Collins is a player with a spotted past and here's an article from Insidehoops about it, that was published two years ago..



> Much has been made of DeAngelo Collins' decision to enter the NBA draft, but it is not because this is a typical story of another player attempting to make the daring leap from high school to the pros.
> 
> Really, that is no longer a big deal. But what is a big deal is that Collins, if drafted next week, will be bringing a great deal of baggage with him.
> 
> Collins has a tarnished past and teams are concerned. Collins, after all, has been convicted twice on charges related to violence. Once, he was found guilty of beating up a female friend. In another incident, he was convicted of assaulting a former high school teammate.


LINK 



> HIGHLIGHTS
> An early entry candidate for the 2002 NBA Draft.
> Named MVP of the 2001 ABCD Camp All-Star Game.
> Attended Tustin High School in California as a freshman and sophomore.
> ...


LINK


----------



## Coatesvillain (Jul 17, 2002)

Official Sixers Summer League website


----------



## BEEZ (Jun 12, 2002)

A couple interesting name on that list in Deangelo Collins and Sani Ibrahim, who both have some talent. That being said I had wondered whatever became of Sani and I see he is no longer in school. Oh well maybe he will impress enough so that another team gives him a look see


----------



## Coatesvillain (Jul 17, 2002)

Looks like Dalembert isn't on this summer league team, the team's are limited to three NBA veterans, so the three will be Salmons, Korver, and Green. This might be a blessing in disguise for Sammy, instead of playing against lower competition, he can go and work more on his game.

It makes sense for Korver, Green, and Salmons going because the summer leagues are often perimeter heavy, and these guys getting more experience is a good thing, since they're young and they need it.

My question though, is O'Brien going to be coaching the team?


----------



## Coatesvillain (Jul 17, 2002)

> Anthony Frazier’s stay with the Sixers turned out to be a short one.
> 
> The former Cheyney University player was cut Saturday after just three workouts, along with DeAngelo Collins, who tried to make the jump to the pros from high school a couple of years ago.
> 
> The cuts leave the Sixers’ summer league roster at 12, and King said they’ll likely take the whole dozen to Minneapolis.


LINK 

I'm not shocked that Frazier was cut this early, with his lack of experience and age, if he's ever going to land in the league, it's going to be after a long stretch in the minors and overseas.

DeAngelo Collins, I was looking forward to seeing, but it happens.
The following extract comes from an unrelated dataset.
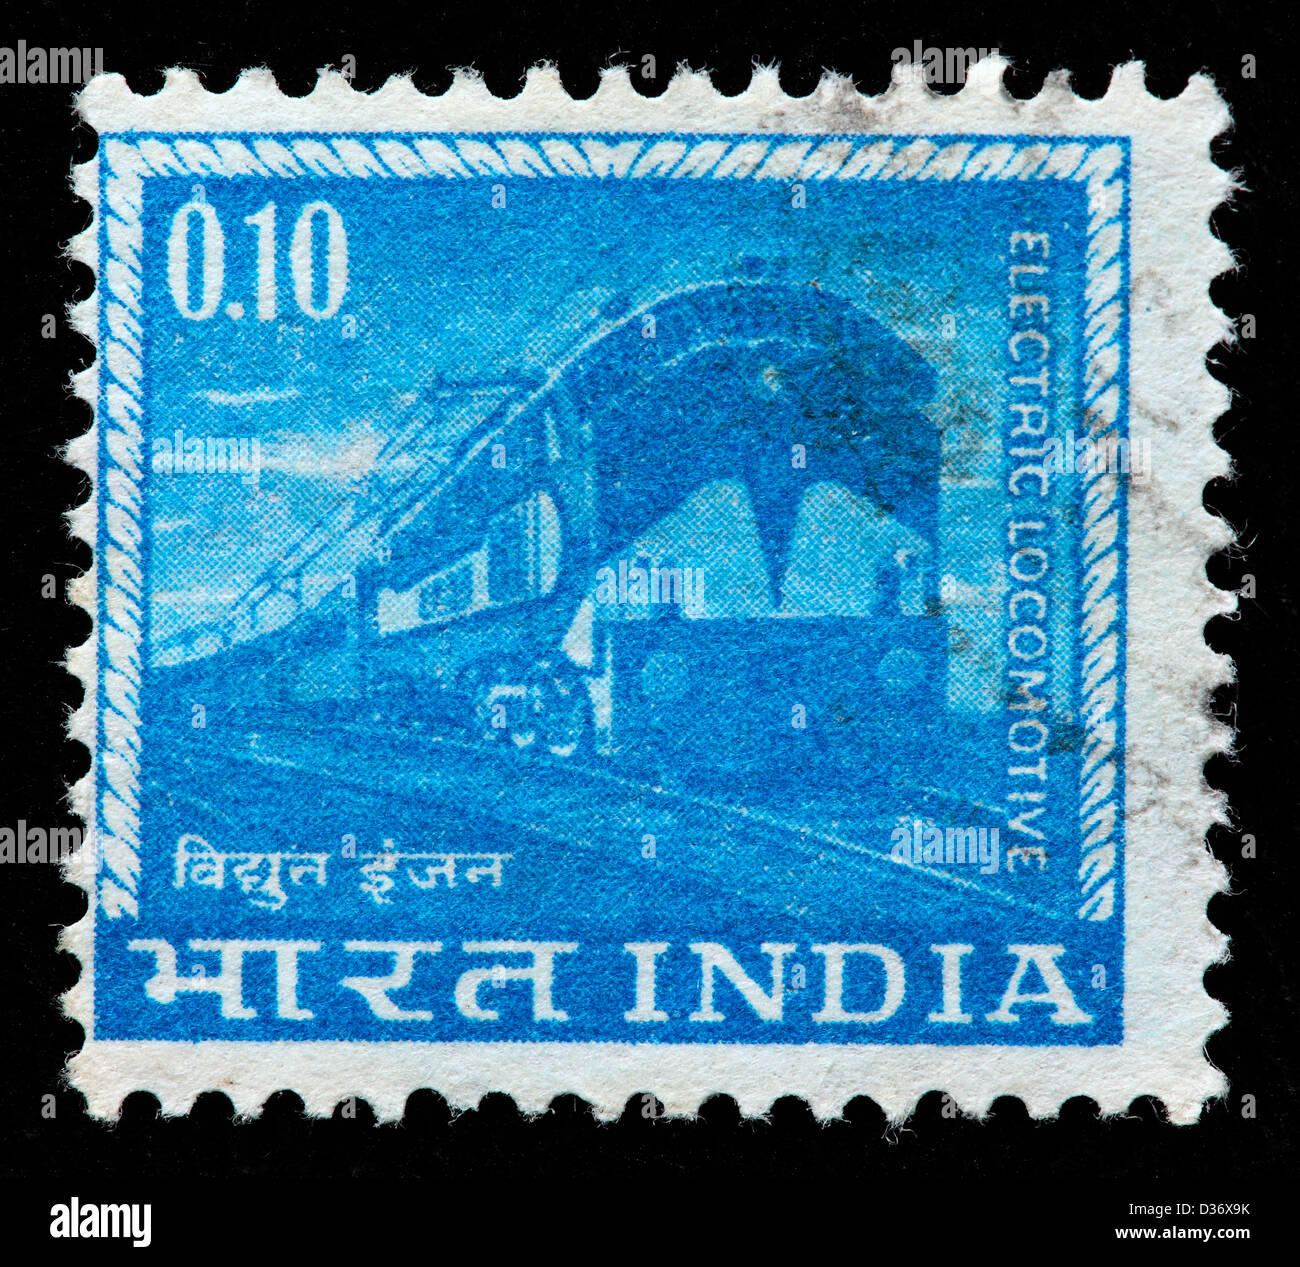 Electric locomotive, postage stamp, India, 1961 Stock Photo

Was he just not an NBA talent, or is he not making summer league squads because of how raw he is, and his past?


----------



## Eagles in 2003 (Jul 18, 2002)

DeAngelo Collins was a top 10 player in high school two years ago, just as Lenny Cooke was. But both weren't very smart(school wise) and being top 10 players they figured they could make the jump. Especially after seeing 4 guys go in the top 10 they figured they should go pro. DeAngelo was sort of a problem child and we all know Lenny Cooke's deal. The two were high school all americans, DeAngelo played in the McD's game while Lenny couldnt due to eligibility. Regardless, both have talent but weren't Nba ready. Should have went to college. Regardless i think guys who were a McD's all american should atleast get consideration for a roster.


----------



## Coatesvillain (Jul 17, 2002)

> Originally posted by <b>Eagles in 2003</b>!
> DeAngelo Collins was a top 10 player in high school two years ago, just as Lenny Cooke was. But both weren't very smart(school wise) and being top 10 players they figured they could make the jump. Especially after seeing 4 guys go in the top 10 they figured they should go pro. DeAngelo was sort of a problem child and we all know Lenny Cooke's deal. The two were high school all americans, DeAngelo played in the McD's game while Lenny couldnt due to eligibility. Regardless, both have talent but weren't Nba ready. Should have went to college. Regardless i think guys who were a McD's all american should atleast get consideration for a roster.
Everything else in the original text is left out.